My name is Anita Howe. I am a senior scientist at the British Columbia Centre for Disease Control in Canada. I am also the HCV SHARED coordinator, an international collaboration to study HCV drug resistance and transmission.
Thank you for setting up the Nextstrain program. I have downloaded the Zika Tutorial and planned to use it to generate an “HCV Nextstrain”. So far, the display was terrific on my demo set. I have a few questions, and I hope you can help me to understand.
How were the travel lines constructed? Were they primarily based on the sample collection dates, or using both the collection date and the inferred phylogeny?
In the Genotype and the Diversity Pane, does the “Event” mean the number of cases with mutations at each amino acid in the dataset? I suppose the “Entropy” refers to the genetic diversity at each amino acid position.
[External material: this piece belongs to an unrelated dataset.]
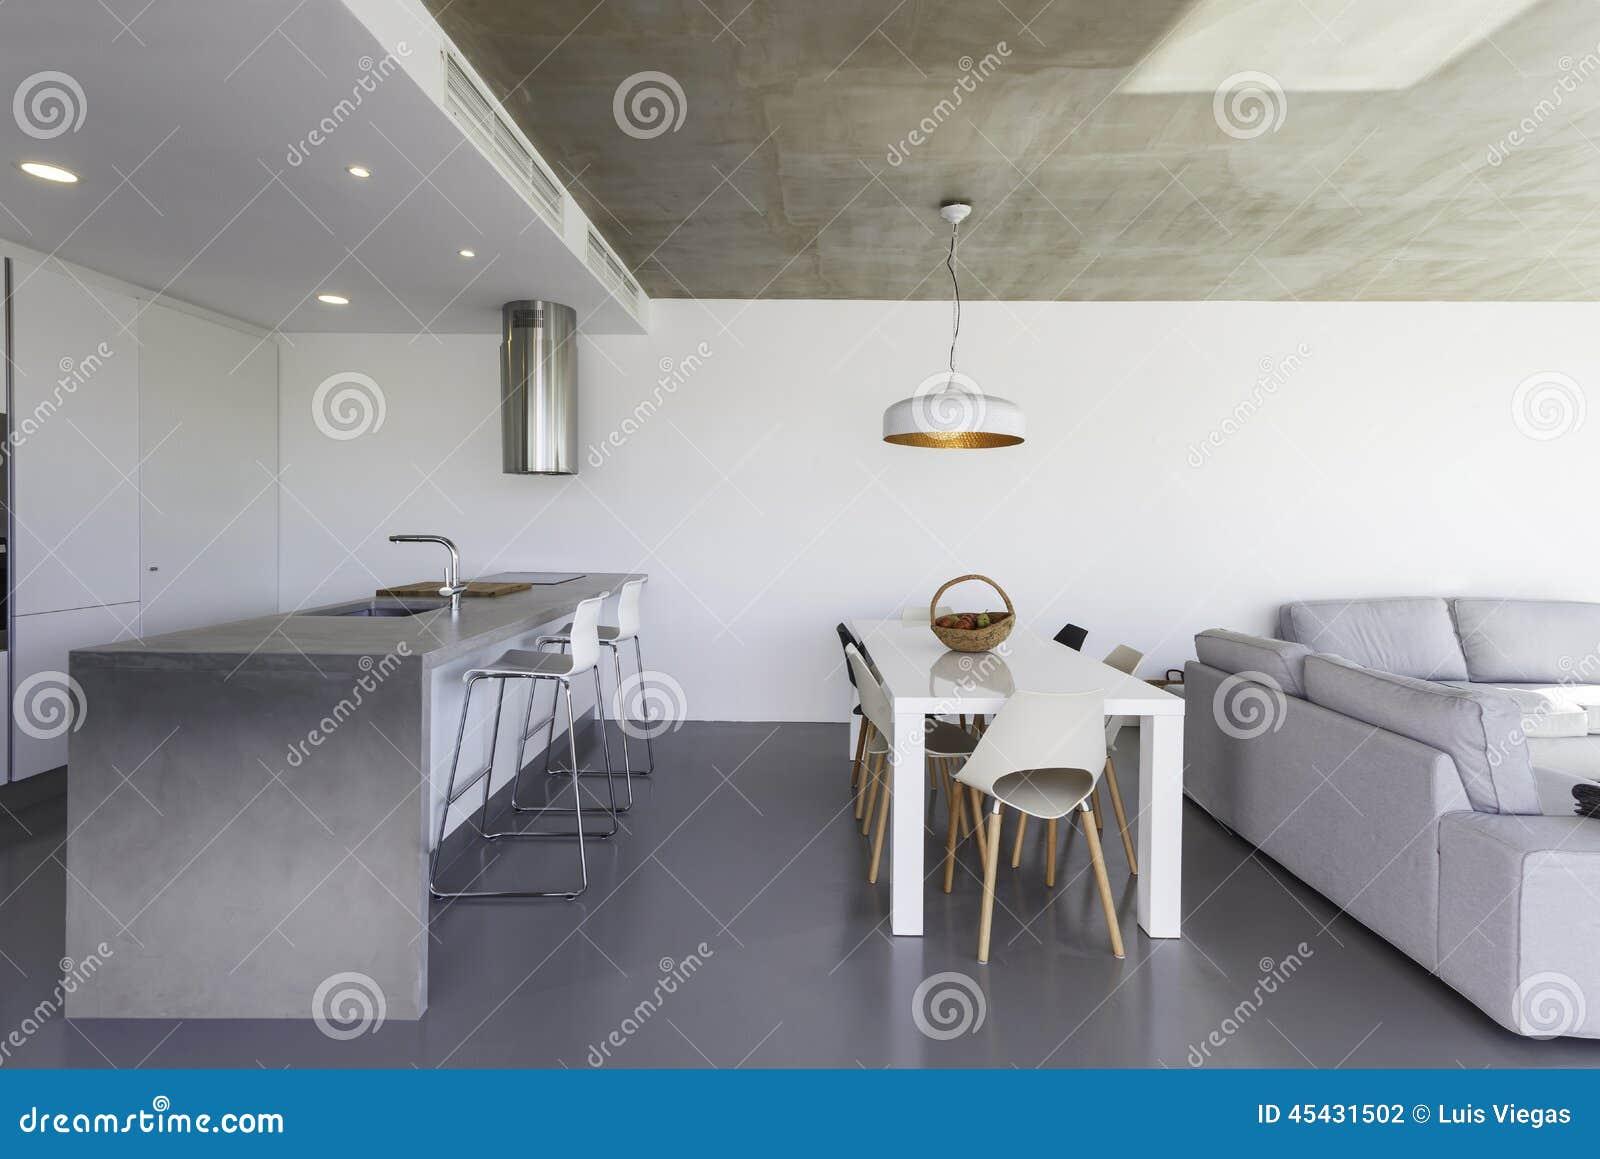 Piastrelle parete cucina. excellent piastrelle da parete piastrelle

Because of privacy agreements, we would prefer not to show the individual data; the box appears after clicking the dots in the Phylogeny Pane. Is there possible to turn off the display of some information inside the box, e.g., retain the Gender in the “Color by” on the left panel, but do not show “male” or “female” inside the box?
Lastly, is the phylogenetic tree primarily based on the sequences, or does it also take the sample collection dates into account? Some of our samples do not have detailed dd-mm-yyyy, just the yyyy, and I wonder if I should include these samples in our dataset and how they might affect the phylogeny tree?
Sorry for the long list of questions. I am looking forward to hearing from you, and hopefully, we will have the HCV in your website someday.